Background

Chagas disease is a zoonotic disease caused by the protozoan parasite Trypanosoma cruzi. It is transmitted to mammalian hosts through the feces of infected triatomine bugs during blood-feeding. It is a major public health problem in the Americas, with over 6 million cases in Latin America [1]. It is also of growing concern in the USA, where there are over 300,000 cases, and more active surveillance is leading to the identification of an increasing number of locally acquired infections [2, 3]. Human spillover infections derived from zoonotic transmission cycles may thus be occurring more frequently than currently acknowledged and improved surveillance should help define the risk for parasite transmission to humans. In particular, the role of dogs as sentinels for human infection has been proposed in the USA as well as in multiple settings in Latin America, since dogs represent one of the main domestic reservoir for T. cruzi parasites [4,5,6].

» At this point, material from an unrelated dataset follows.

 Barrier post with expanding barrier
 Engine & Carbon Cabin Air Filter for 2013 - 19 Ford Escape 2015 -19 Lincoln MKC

Trypanosoma cruzi infection in dogs has been well documented in Texas, since at least the 1980s [7, 8] and domestic transmission cycles have been identified [9]. Multiple seroprevalence studies have evidenced a significant level of infection in different canine populations, ranging from 7.4 to 18.2%, up to 57.6% in some kennels [10,11,12,13,14,15,16]. Triatomine blood meal analysis also documented that bugs frequently feed on canines in kenels [17, 18].

Nonetheless, in spite of the extensive distribution of triatomine vectors in the southern half of the USA and a wide distribution of zoonotic T. cruzi infection in a wide range of mammalian species, only a limited number of studies have been conducted outside of Texas [7, 15, 19,20,21,22]. The first canine case in Louisiana was reported in 1980 [23], and a few subsequent studies reported a seroprevalence of 1.1% in domestic dogs in New Orleans [24], 2.3% in dogs from animal shelters and 4.7% in rural dogs [25], and 12–62% in some kennels [26], making it difficult to extrapolate such data. Occasional cases of canine T. cruzi infection have also been reported in other states such as Oklahoma [27] and Virginia [28,29,30]. Thus, the current magnitude of canine infection with T. cruzi in the USA is difficult to establish, in spite of the multiple reports indicating that infection is present [15].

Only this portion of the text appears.